On the first morning of filming their seminal reality television show The Simple Life, a distraught 22-year-old Paris Hilton wanted to go home. Then
On the first morning of filming their seminal reality television show The Simple Life, a distraught 22-year-old Paris Hilton wanted to go home. Then the hotel heiress struck a deal with producers, agreeing to stay in the show’s rural Arkansas setting after they gave her and her best friend turned costar, Nicole Richie, the adoptive daughter of Lionel Richie, a rolling rack and mirror.
“They were like, ‘Don’t bring any tennis shoes; don’t bring jeans.’ They literally told us to only pack high heels, short skirts and little dresses,” says Hilton, dipping in and out of her signature baby voice. “So of course we would need a rack to hang all these beautiful clothes.”
“I’m happy we didn’t [leave],” she continues. “But I don’t think they would have let us, either.” Richie is quick to agree: “I don’t even think we could get out of there. We had no one to call. We didn’t even have phones.”
Their decision to stick around changed the course of their careers and pop culture at immense. And now, Hilton and Richie, both 43, have embarked upon a reunion of epic proportions: Paris & Nicole: The Encore, a three-episode Peacock series in which they revisit their reality TV roots, using the original series as inspiration to tell the story of their lifelong friendship in an over-the-top opera.
On a rainy day in New York, the duo is ready to reminisce about those early days in the wild west of reality television. Sitting side by side in an office at 30 Rock, Hilton—wearing a rhinestone-encrusted polka dot dress—and Richie, swaddled in a fluffy black fur coat, look just as out of place in corporate America as they once did traipsing across the farm in their Juicy Couture tracksuits, or at clumsily delivering burgers on rollerstakes at the local Sonic. They are, of course, more accustomed to adapting to modern environments by now; they’ve managed to find their delicate even under the conference room’s harsh fluorescents, looking glamorous as ever over Zoom.

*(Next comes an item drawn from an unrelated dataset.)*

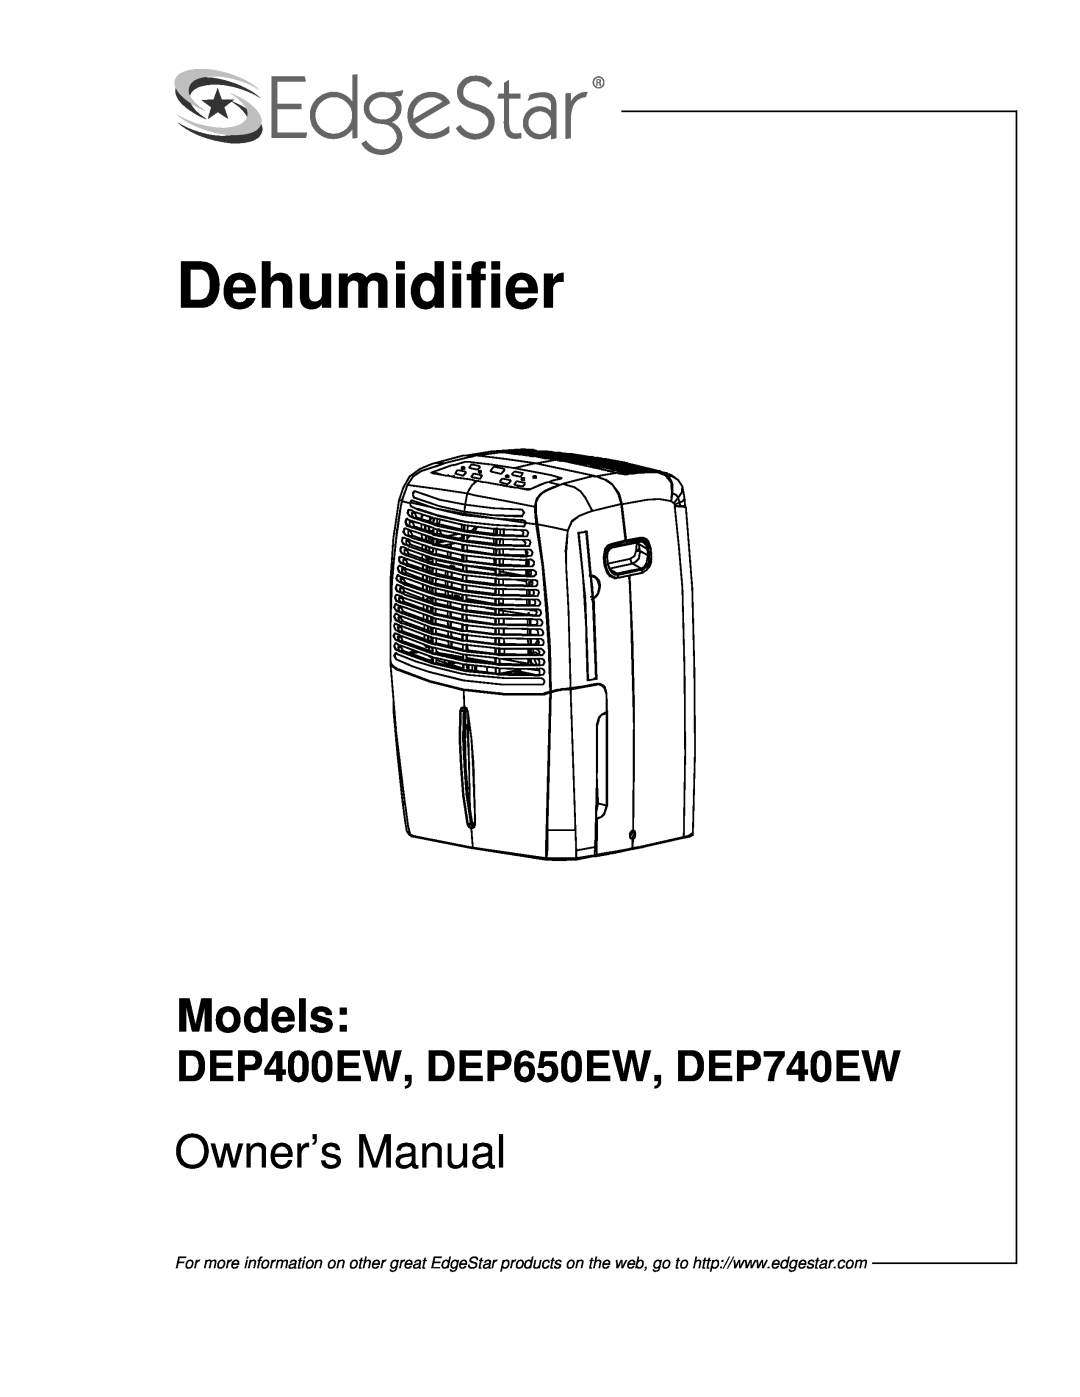 EdgeStar owner manual Dehumidifier, Models, DEP400EW, DEP650EW, DEP740EW

Back in 2003, when the socialites turned moguls signed on to The Simple Life, they had no idea what they were getting themselves into. “We said yes for the sole purpose of having fun. We had no idea that there would be a second season or a fifth season,” says Richie. “It was a real experiment. They didn’t tell us anything about the show, period. The only two [reality] shows at the time that existed were The Real World and The Osbournes, and this show was not that.”
The Simple Life’s fish-out-of-water premise plucked two high-maintenance newborn women out of the lap of luxury in Beverly Hills and dropped them off in the middle of nowhere, where they’d trade in their private jet for a pickup truck, working blue-collar jobs and living amongst the locals.